During split generation, if features are not explicitly provided, the builder infers them from the Parquet file's Arrow schema using pq.read_schema(). Schema inference respects the on_bad_files policy, skipping unreadable files when configured. If columns is specified, features are filtered to include only the requested columns.
The _generate_tables method reads Parquet files using PyArrow's dataset API (ParquetFileFormat and fragments), supporting row group subsetting, column projection, and filter expression pushdown.

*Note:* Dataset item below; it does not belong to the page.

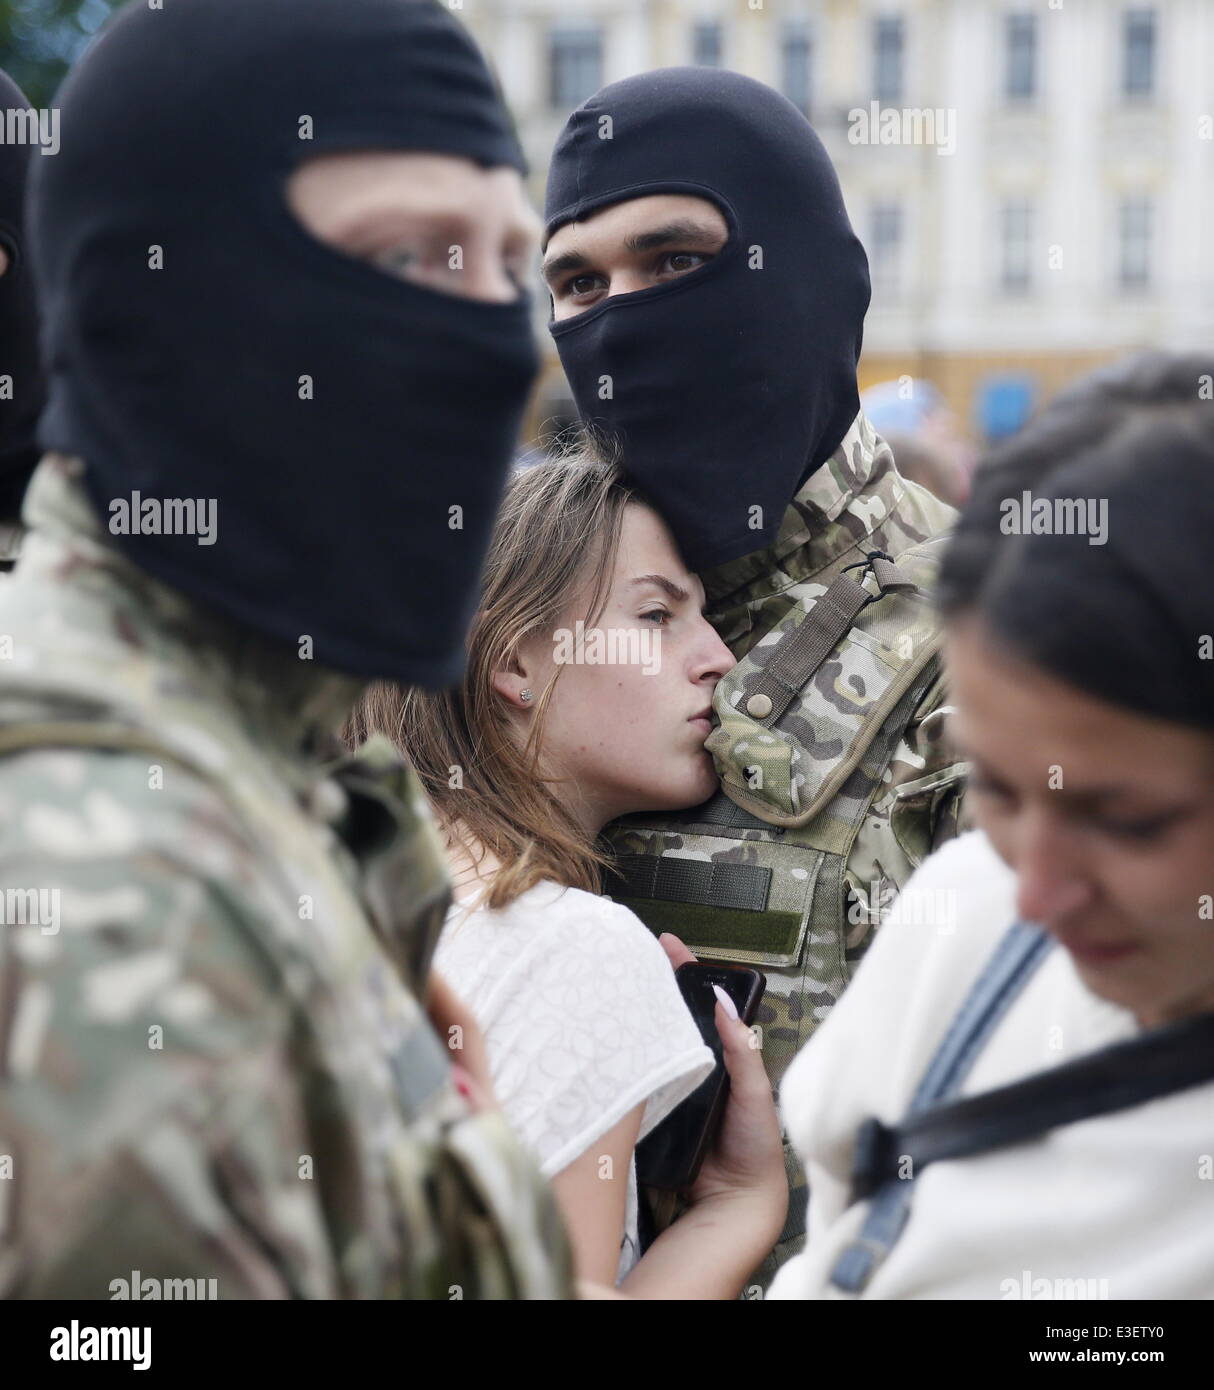 kiev-ucrania-el-23-de-junio-de-2014-masked-voluntarios-que-se-han-sumado-el-batallon-del-ejercito-del-gobierno-ucraniano-azov-para-tomar-parte-en-la-operacion-militar-en-donetsk-y-lugansk-regiones-abrazar-a-sus-novias-antes-o-despues-de-tomar-el-juramento-de-lealtad-en-el-centr-e3ety0.jpg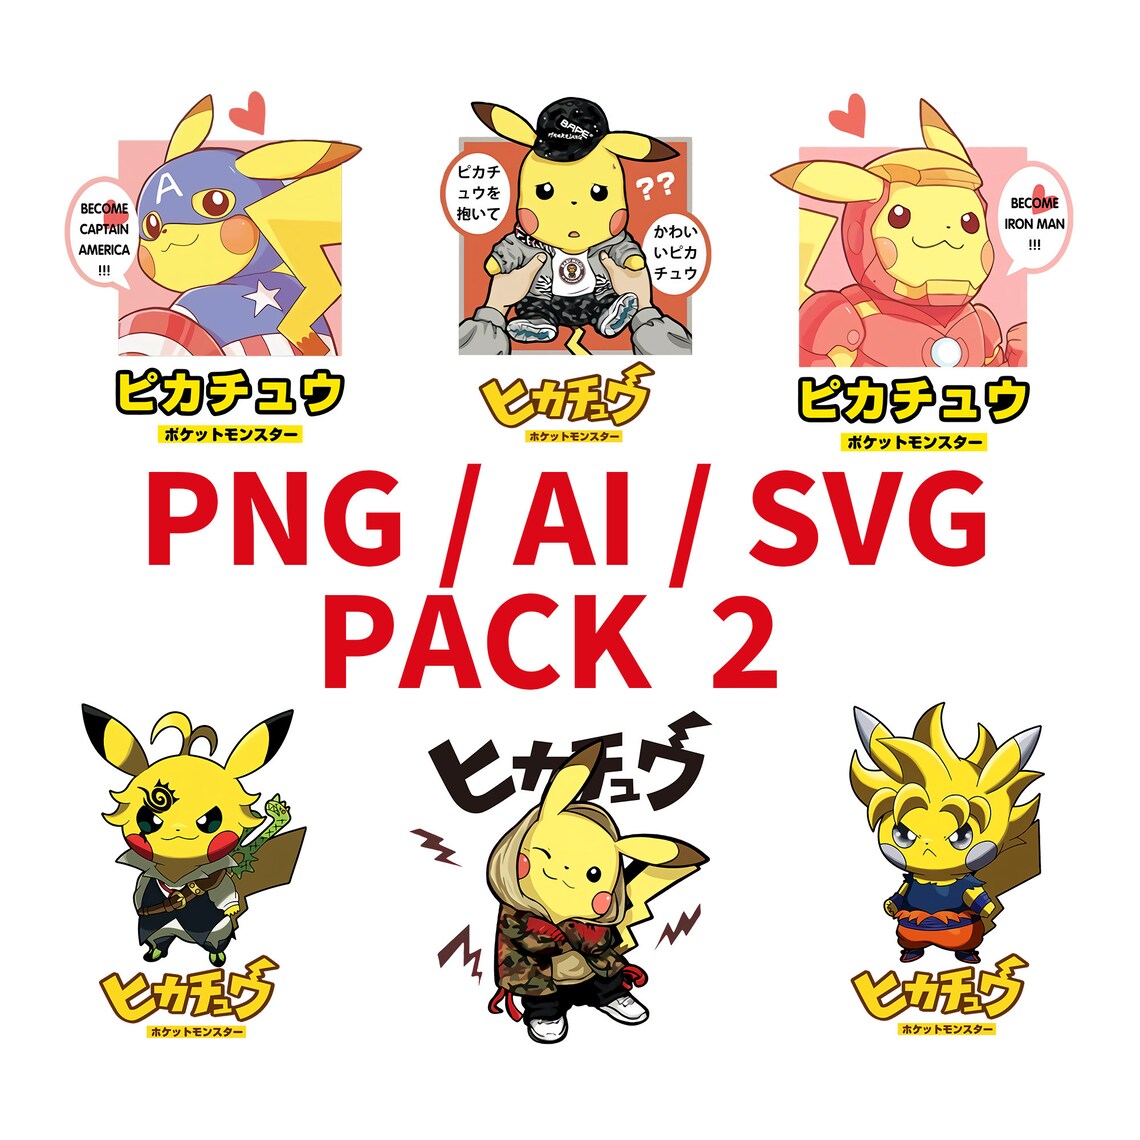 Parody Pokemon Pika Pikachu Japanese Cartoon Anime All in ...

Batch size defaults to the number of rows in the first row group if not explicitly configured. The _generate_more_gen_kwargs method enables further parallelism by splitting files into individual row groups for separate processing.
Usage
Use Parquet via load_dataset("parquet", data_files=...) to load Parquet files. It supports efficient column selection, row filtering, and configurable scan options for streaming workloads.
Code Reference
Source Location
- Repository: datasets
- File:
src/datasets/packaged_modules/parquet/parquet.py - Lines: 1-217
Signature
@dataclass
class ParquetConfig(datasets.BuilderConfig):
batch_size: Optional[int] = None
columns: Optional[list[str]] = None
features: Optional[datasets.Features] = None
filters: Optional[Union[ds.Expression, list[tuple], list[list[tuple]]]] = None
fragment_scan_options: Optional[ds.ParquetFragmentScanOptions] = None
on_bad_files: Literal["error", "warn", "skip"] = "error"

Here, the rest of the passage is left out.